Hungary to Oppose ‘Shadowbanning’ of ‘Christian, Conservative, and Right-Wing’ Voices Online

AP Photo/Francois Mori

The Hungarian government is following Poland in moving against Big Tech, vowing action against the “shadowbanning” of “Christian, conservative, [and] right-wing opinions”.

“‘Shadowban’ means the act of social media providers secretly, for political purposes, restricting the visibility and access of our user profile without our knowledge about it,” explained Judit Varga, the Minister of Justice in Viktor Orbán’s national conservative government, in a statement shared on social media, claiming that she has herself had “personal experience” of such treatment at the hands of “Big Tech”.

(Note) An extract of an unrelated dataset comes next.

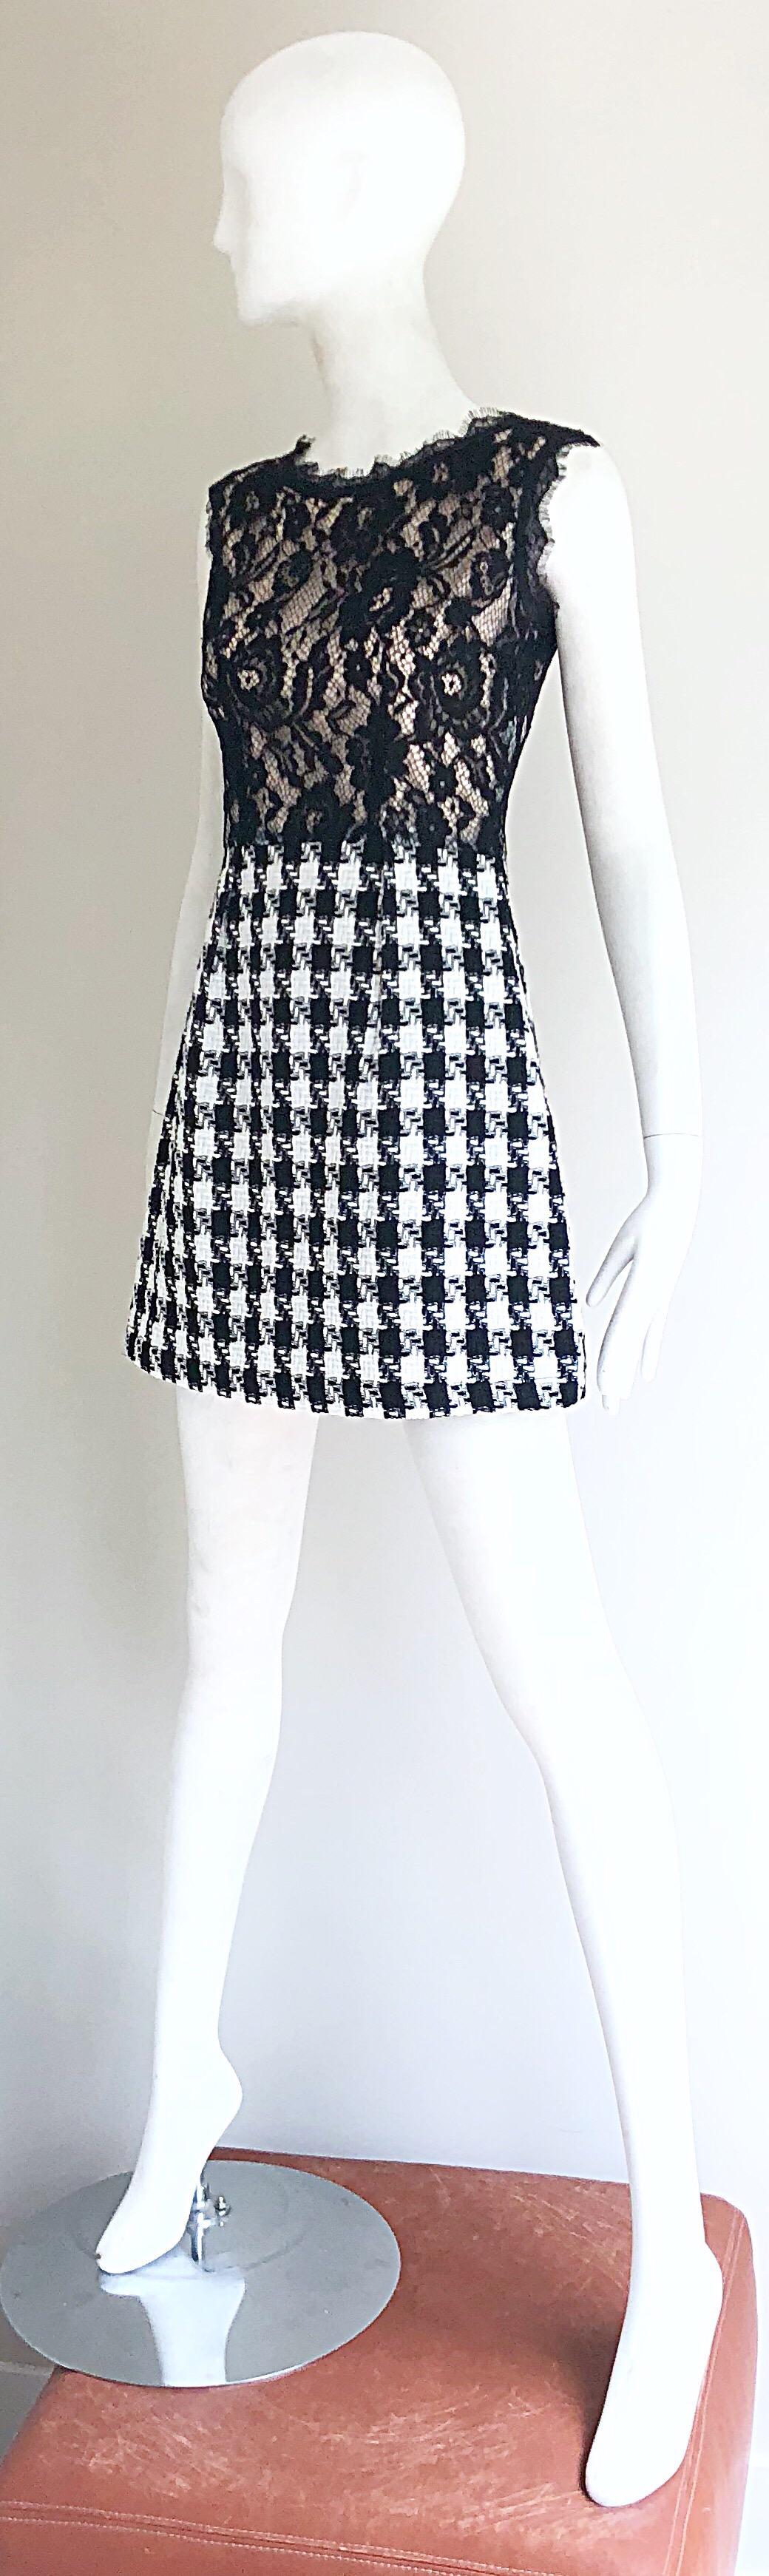 Marc Jacobs Early 2000s Black and White Lace Houndstooth Checkered Mini Dress For Sale 5

“Tech companies thus violate all those fundamental democratic legal norms that form the basis of Western-type culture,” she accused, adding that “we could… only learn about the system-wide practice of shadow banning from a now-leaked voice recording of the Twitter CEO [Jack Dorsey].”

The Hungarian stateswoman linked to two recordings shared by James O’Keefe and his Project Veritas organisation to back up her allegations:

“To reduce their reach, Facebook also limits the visibility of Christian, conservative, right-wing opinions,” the justice minister continued, pledging to convene an “extraordinary meeting of the Digital Freedom Committee” in order to tackle such “systemic abuses”.

“I will also consult with the President of the Hungarian Competition Authority on the possibility of sanctioning unfair commercial practices,” she warned.

The Hungarian move against the increasingly censorious — and politically partial — companies which control a broad swathe of the public discourse through their ownership of key social media platforms follows a particularly aggressive move against tech censorship by the Polish government, which operates according to broadly similar principles and often co-operates with Budapest in international fora.

Polish justice minister Zbigniew Ziobro and deputy justice minister Sebastian Kaleta have unveiled a draft law which will empower a new Free Speech Board to hear appeals from social media users who believe they have been banned or had their content removed from social media platforms, and to order those platforms to reinstate them if the speech they were punished for was lawful under the Polish constitution.

Tech corporations which do not comply will be subject to fines of up to 50 million złoty (roughly £9.8m or $13.3m).

The legislation, thought to have been driven by Kaleta, began to be drawn up after the Polish government grew concerned at Facebook removing censoring certain Christian pages, but gained new impetus after Twitter, Facebook, and other Big Tech companies moved to banish U.S. President Donald Trump from their platforms in recent weeks, with Apple, Google, and Amazon wiping the free speech oriented alternative Parler off the internet shortly thereafter.